I believe the manual says 3 clicks until the brakes should start making contact. I've slackened it a bit to 4, as I got the feeling that the brakes weren't always releasing properly, even after maintenance.


----------



## TootRS (Apr 21, 2009)

Could you point me to the right page in the manual pls? Cant seem to find it


----------



## brittan (May 18, 2007)

Repair Group 46 Brakes (Mechanism); Section 7 Handbrake; Sub Section 7.6 Adjusting Handbrake


----------



## TT-driver (Sep 14, 2010)

Sorry, I meant the _service_ manual.

Was mixing up cars too...

Full text from service manual:

Adjustment is only necessary if handbrake cables, brake calipers or brake discs have been replaced.
♦ Both rear wheels must turn freely when handbrake lever is not pulled (released position).
♦ The handbrake lever must return by itself to released position if not pulled up to the first catch.
♦ The adjustment nut on the compensator must be screwed past the end of the pull rod.

- Release handbrake.
- Use hook to release cover in storage compartment in centre console (rear) and remove cover.
- The handbrake cable -5- must be routed free of stress. Do not pull up the handbrake lever -1- more than 2 degrees when adjusting the handbrake.
- Tighten adjustment nut on compensator -2- until levers on brake caliper -4- lift away from stop -3-.
- The sum of distances -a- between lever on brake caliper -4- and stop -3- on both sides of vehicle must be at least 1 mm
(with handbrake lever in released position).
- The distance on one side must not exceed 4 mm.
- The distance -a- to stop -3- on one side must be greater than 0 mm, however not greater than 4 mm.
- Apply handbrake firmly 3 times and then release. 
- With handbrake released, check whether both wheels turn freely. Check whether the distances -a- meet specifications.
- If the handbrake lever is pulled up to the first catch, there must be a slight brake effect on the rear wheels.
If necessary, adjust via the adjustment nut.

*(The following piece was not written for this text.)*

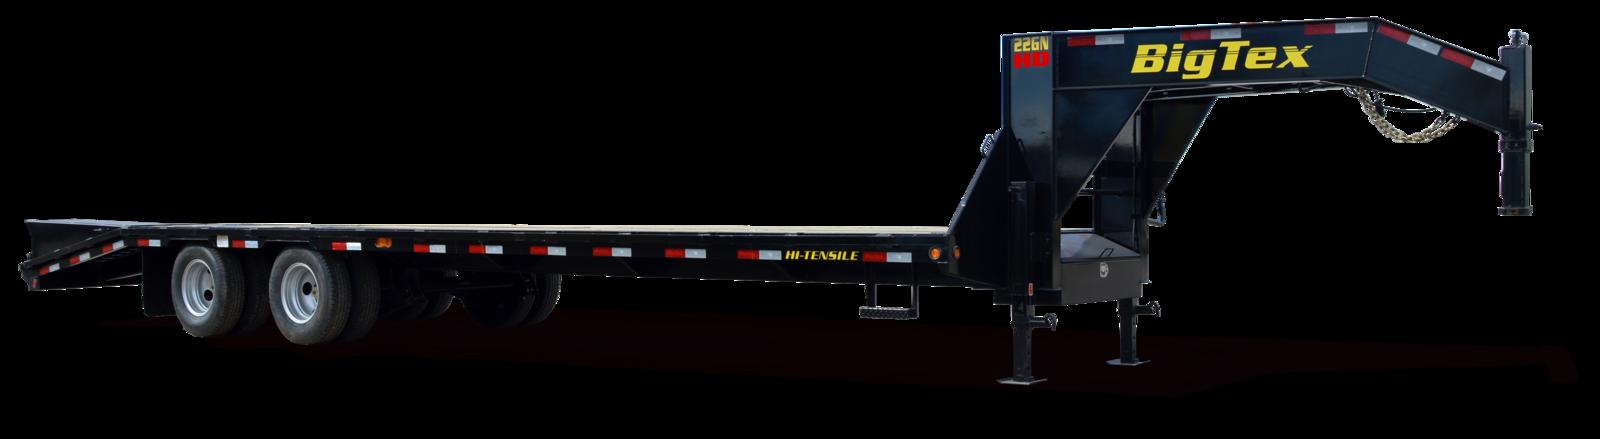 Big Tex 2019 22gn 25bk 5 102 X 25 Tandem Dual Wheel Wiring Harness Curb Side

What Audi seems to describe is a slight pre tension on the cable. The lever at the rear brakes apparently shouldn't make contact with its base it potentially could sit on.

Just checked too, mine is now just not braking at first catch, At the second catch it does brake.


----------



## brittan (May 18, 2007)

TT-driver said:


> Correct: it's a rubber cover that can be removed with something sharp at the edges.


A bit of sticky tape or blue-tack is good for removing the rubber cover, and for the rubber bits at the bottom of the cup holders. No chance of damaging anything.


----------



## TT-driver (Sep 14, 2010)

Excellent tip! thanks!


----------



## TootRS (Apr 21, 2009)

Thanks for the above. Do you have a link to the relevant service manual? Can't find any of the above in the SSP's I've looked in.


----------



## brittan (May 18, 2007)

Sorry Harrison, I have no record of where I got the manual from. It's all on my hard drives with an index that runs in a browser.

The above text on handbrake adjustment needs this diagram to make sense of the part identities:


----------



## TootRS (Apr 21, 2009)

That's great many thanks for the above text and accompanying photo


----------



## TT-driver (Sep 14, 2010)

The SSP docs are kind of high level "understand what VAG is technically up to" documents. They aren't workshop manuals.


----------